A task which just returns the number of the thread executing it

function mytask()
    return Threads.threadid()
end

mytask (generic function with 1 method)

function threads_hello(;ntasks=10)
    println("number of tasks: $(ntasks)")
    tasks=[Threads.@spawn mytask() for i=1:ntasks]
    for i=1:length(tasks)
        ithd=fetch(tasks[i])
        println("task #$(i) was executed thread #$(ithd)")
    end
end

threads_hello (generic function with 1 method)

threads_hello(ntasks=10)

number of tasks: 10
task #1 was executed thread #2
task #2 was executed thread #2
task #3 was executed thread #1
task #4 was executed thread #3
task #5 was executed thread #4
task #6 was executed thread #1
task #7 was executed thread #3
task #8 was executed thread #4
task #9 was executed thread #3
task #10 was executed thread #2

Multithreaded dot product calculation

• Interesting example as one has to collect the result into one variable

• Start with creating a subdivision of the loop length into equal parts

function partition(N,ntasks)
    loop_begin=zeros(Int64,ntasks)
    loop_end=zeros(Int64,ntasks)
    for itask=1:ntasks
        ltask=Int(floor(N/ntasks))
        loop_begin[itask]=(itask-1)*ltask+1
        if itask==ntasks # adjust last task length
            ltask=N-(ltask*(ntasks-1))
        end
        loop_end[itask]=loop_begin[itask]+ltask-1
    end
    return (loop_begin,loop_end)
end

partition (generic function with 1 method)

Check this

partition(100000,3)

([1, 33334, 66667], [33333, 66666, 100000])

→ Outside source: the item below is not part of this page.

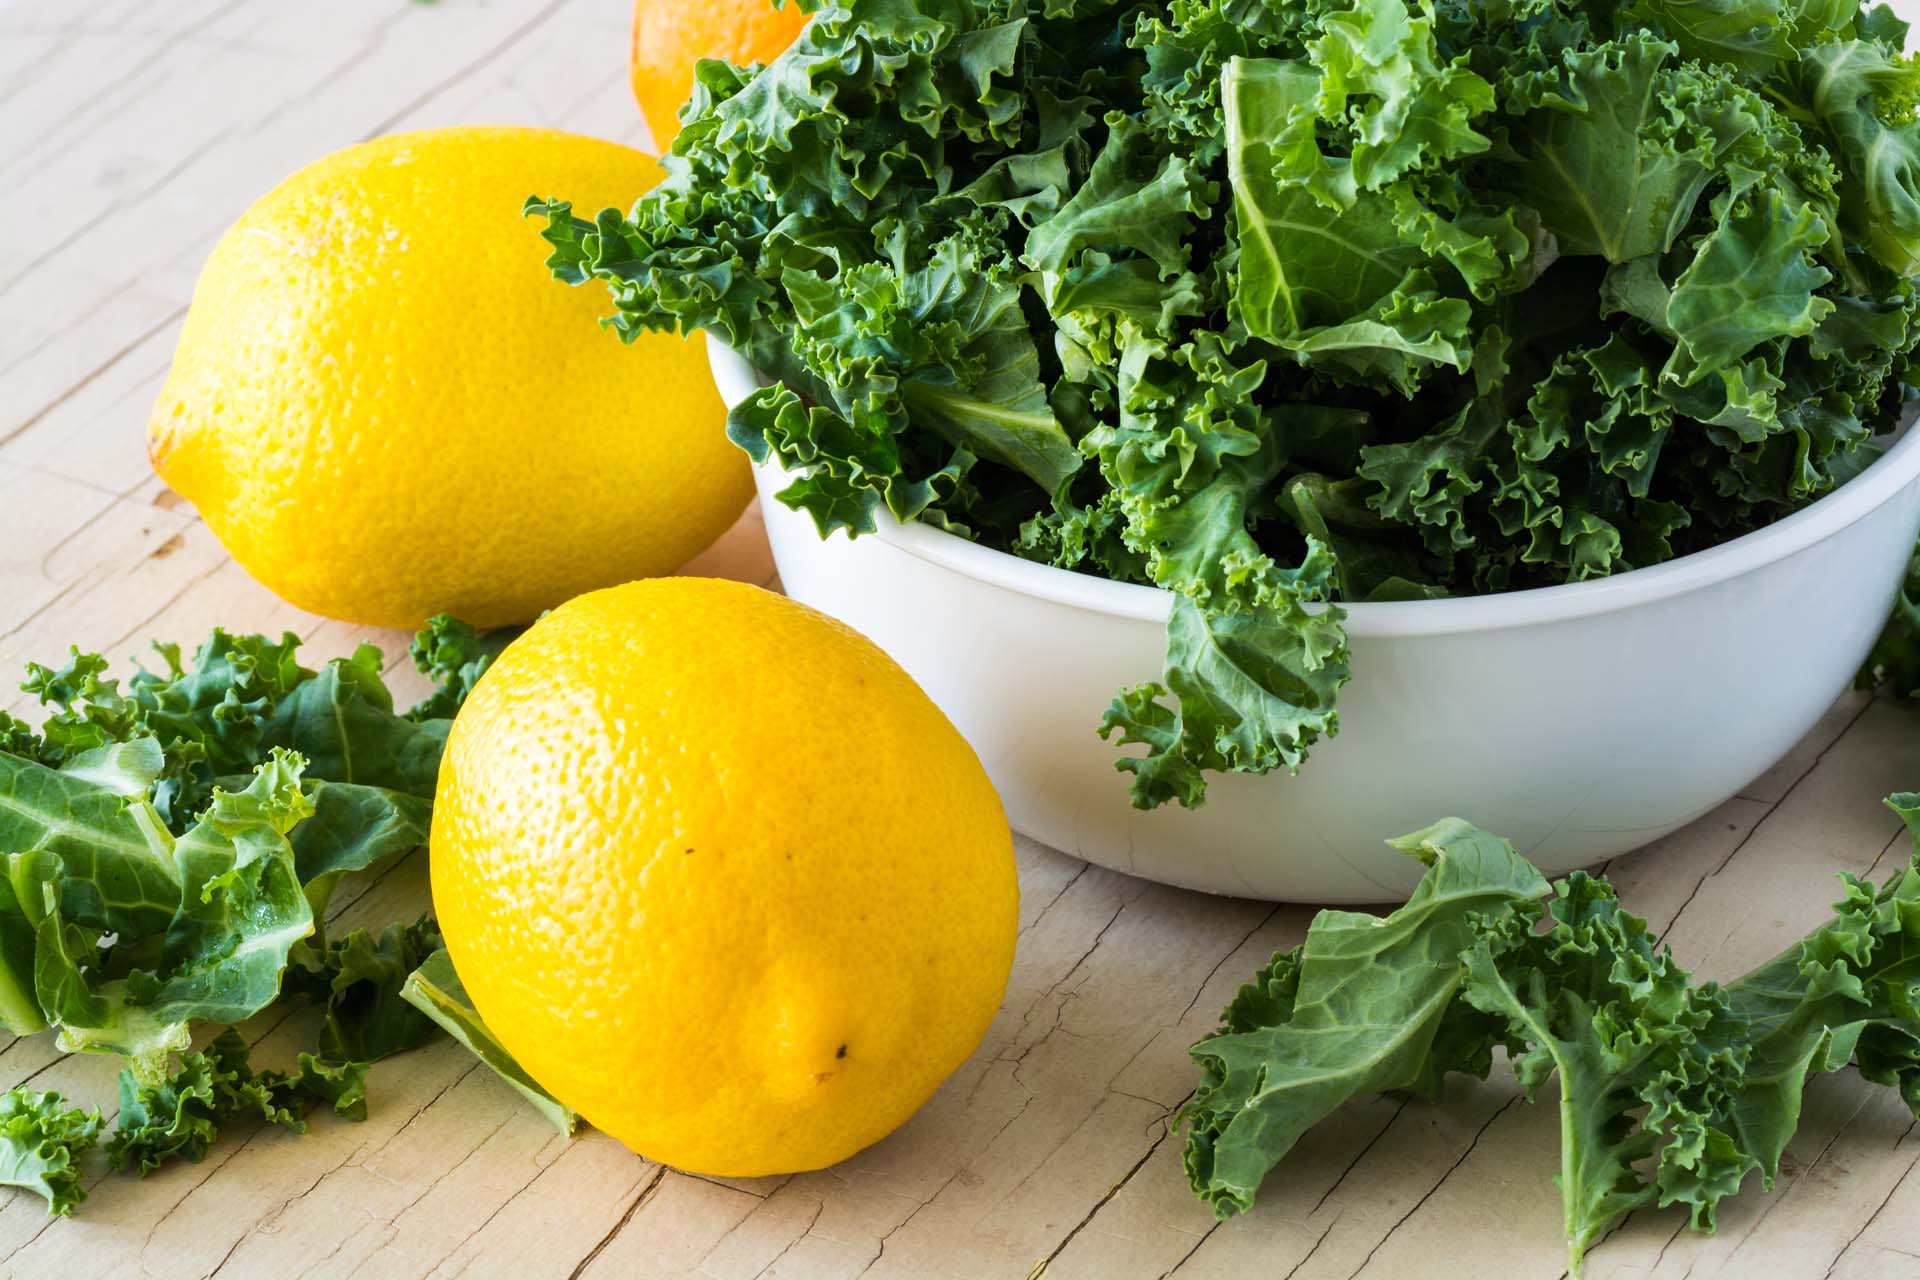 A bowl of kale with some lemons next to it

Calculate part of scalar product from n0 to n1

function mydot(a,b,n0,n1)
    result=0.0
    for i=n0:n1
        result+=a[i]*b[i]
    end
    result
end

mydot (generic function with 1 method)

Calculate scalar product in parallell

function threaded_mydot(a,b,N,ntasks)
    loop_begin,loop_end=partition(N,ntasks)
    tasks=[Threads.@spawn mydot(a,b,loop_begin[i],loop_end[i]) for i=1:ntasks]
    return    mapreduce(task->fetch(task),+,tasks)
end

threaded_mydot (generic function with 1 method)

Compare times, check accuracy

function test_threaded_mydot(;N=400000, ntasks=4)
    a=rand(N)
    b=rand(N)
    res_s=@btime mydot($a,$b,1,$N)
    res_p=@btime threaded_mydot($a,$b,$N,$ntasks)
    res_s ≈ res_p
end

test_threaded_mydot (generic function with 1 method)

test_threaded_mydot(N=400000, ntasks=4)

  353.982 μs (0 allocations: 0 bytes)
  97.785 μs (44 allocations: 3.64 KiB)

true

Multithreaded dot product calculation based on fork-join model

The fork-join model promises that we can skip the scheduling "by hand"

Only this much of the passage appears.